Currently, we use this graph to indicate our donation processing rate however, the data behind is graph is actually measuring how quickly previously processed donation queue messages are imported into CiviCRM. This doesn't feel like a typical donation processing rate metric. Instead, we should rename this to something more accurate, like our 'Save To CRM rate.'
Now, to more accurately measure our donation processing rate, we need to decide what we mean by donation processing rate. More specifically, we need to decide which part of the donation pipeline we want to measure.
Here are some suggestions of points in the flow that we could measure to derive processing rates from:
- Gateway Result To CRM Save Rate - The time between the gateway giving us a result back and the donation being imported into the CRM
- We currently capture this under the metric average_transaction_age in Prometheus. I added a test graph for this here Experimental Processing Rate, but the output looks questionable and needs verifying.

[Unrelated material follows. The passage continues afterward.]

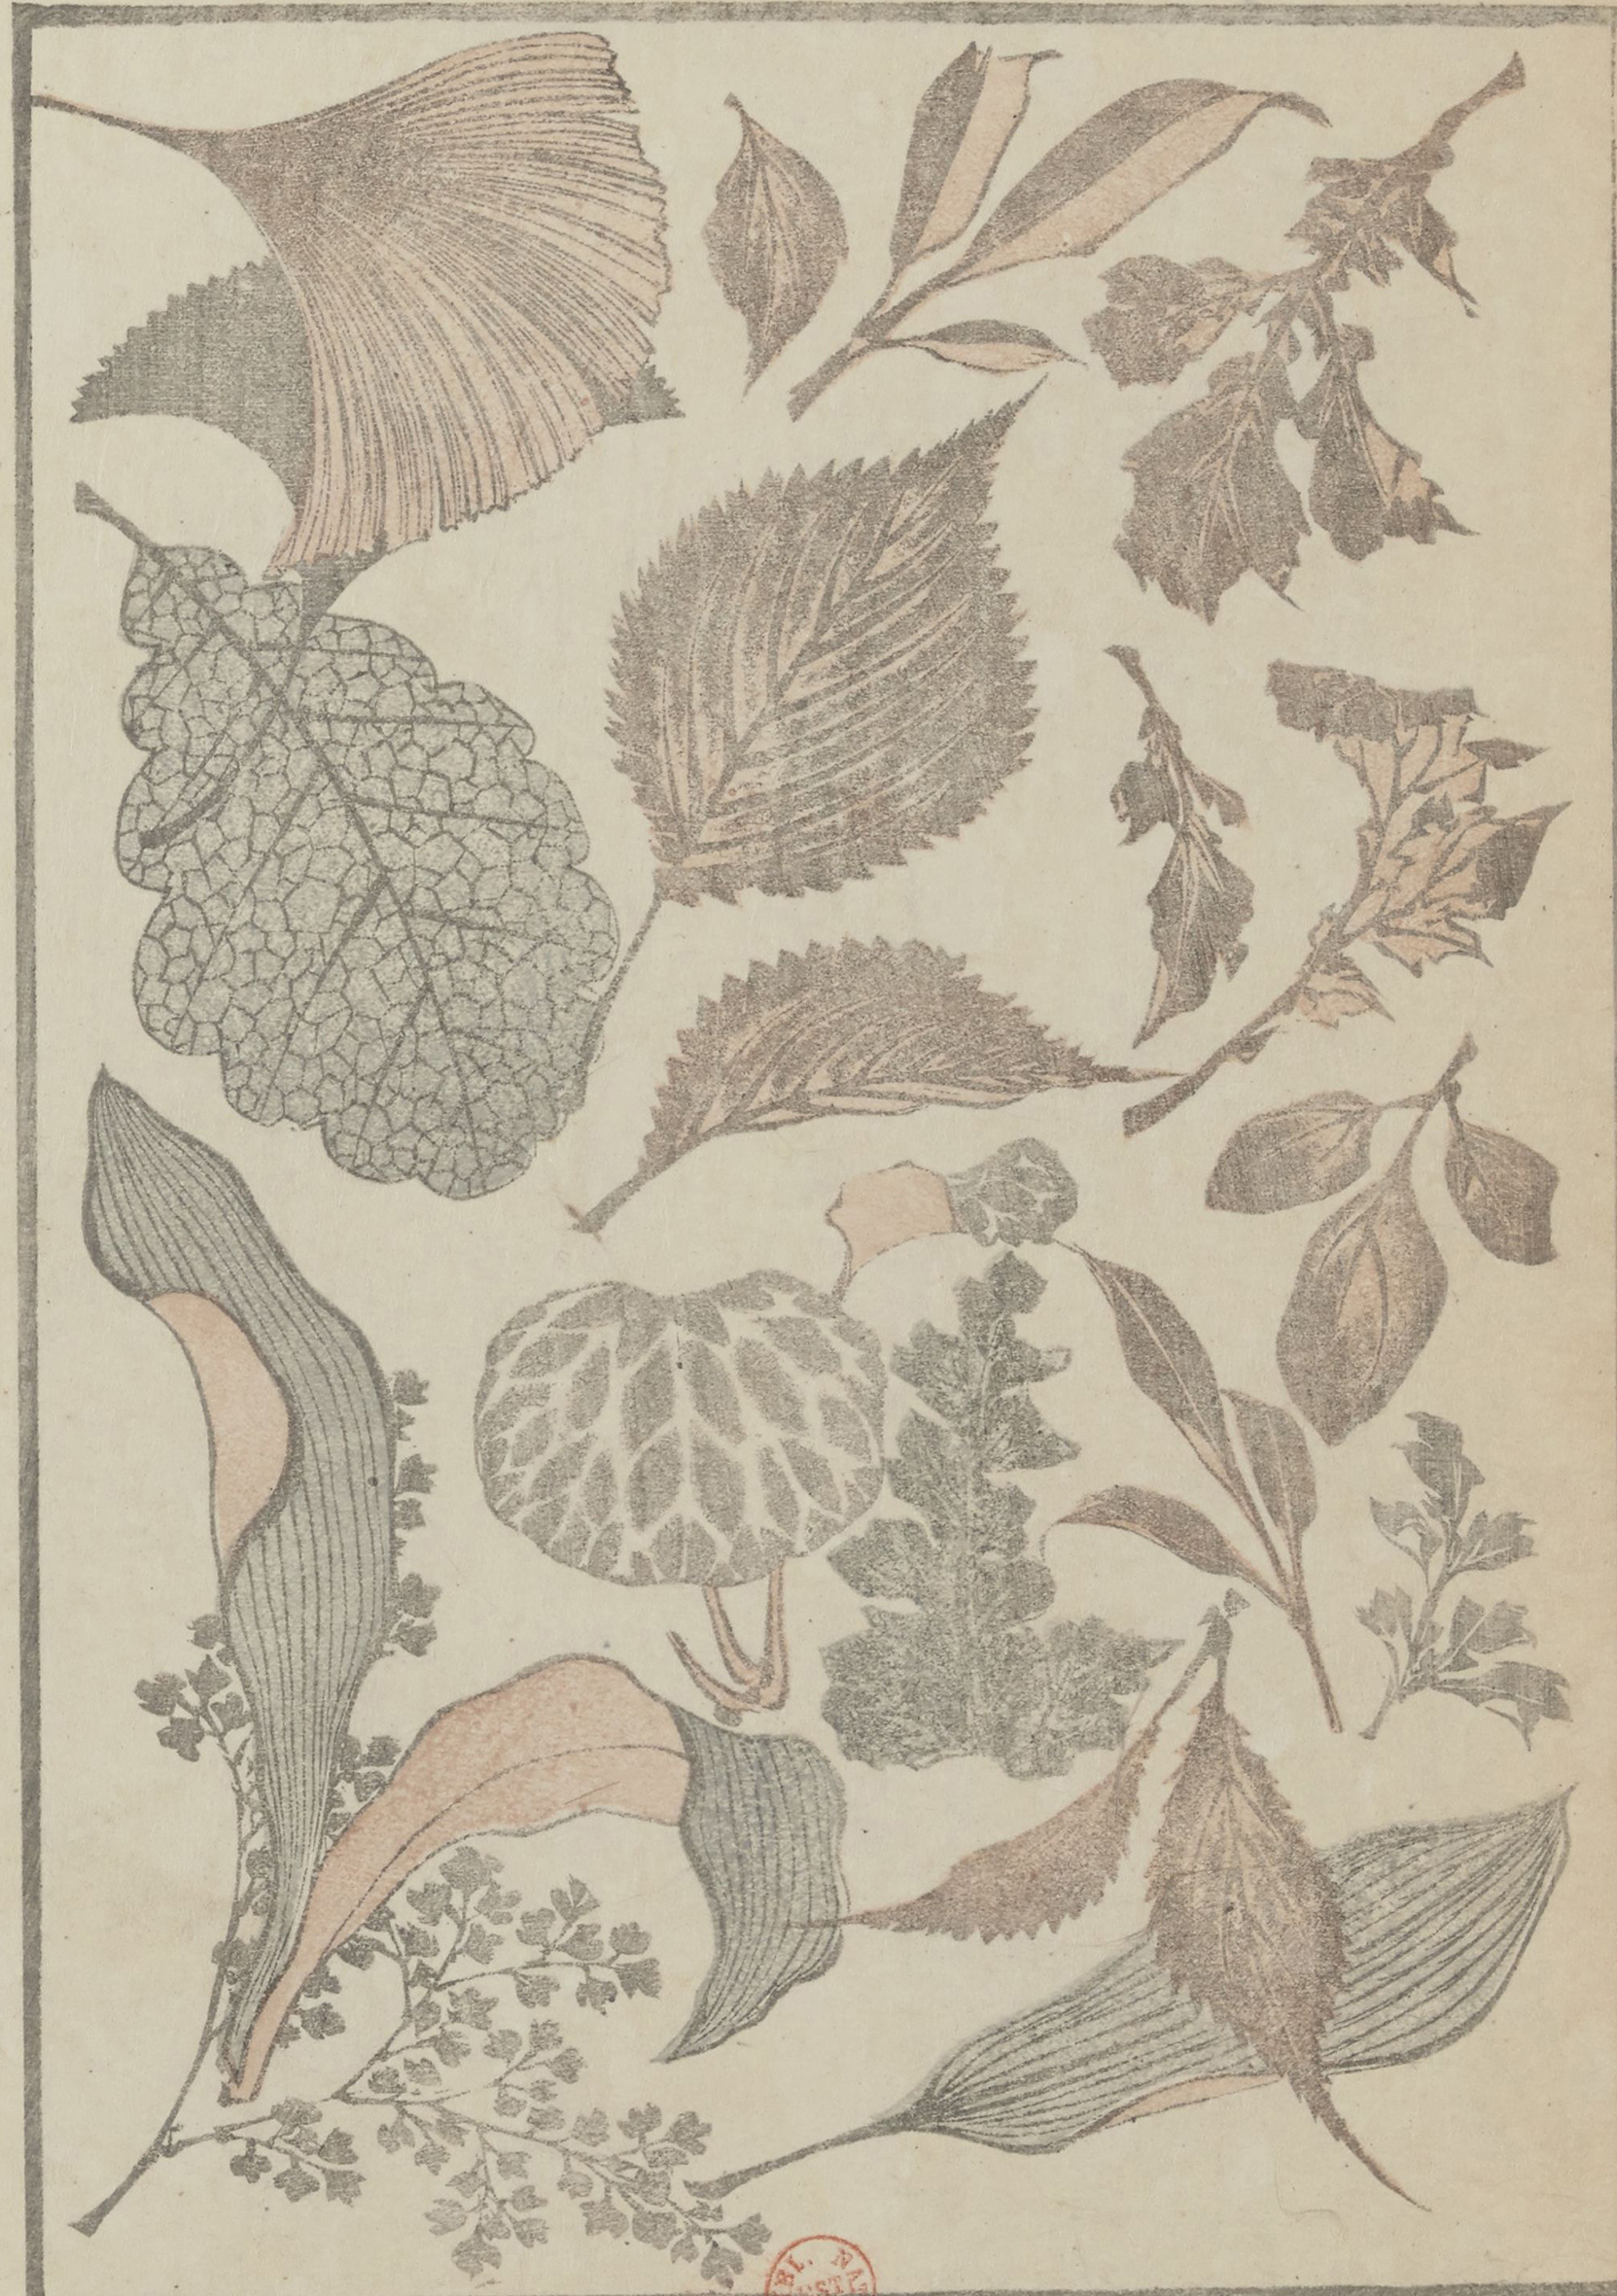 Feuilles -Vol3 du Livre manga de Hokusai

- Submission to Save Rate - The time between the donor clicking submit and the completed donation being imported into the CRM
- This feels like the truest measure of our overall processing rate. However, this would also include the time the donation is sitting on the Redis queue in between the front-end gateway transaction and the backend CRM save.
- Submission to Thank You Email Rate - The same as above but adding on the period afterwards, which captures the time it takes for the thank you email to be sent
- This feels like overkill, but it could give us timings for the full donor's donation lifecycle.
- Gateway Processing Rate - The time between the donor clicking submit and the response coming back from a gateway
- This one isn't really measuring how fast we do things, but it could be useful to indicate one of our gateways is backing up.
- Frontend Processing Rate - The time between the donor clicking submit and the donation ending up on the Redis queue
- Backend Processing Rate - AKA our Save-To-CRM rate!
We could discuss other options or even consider slicing and dicing different timings to come up with a more desirable metric.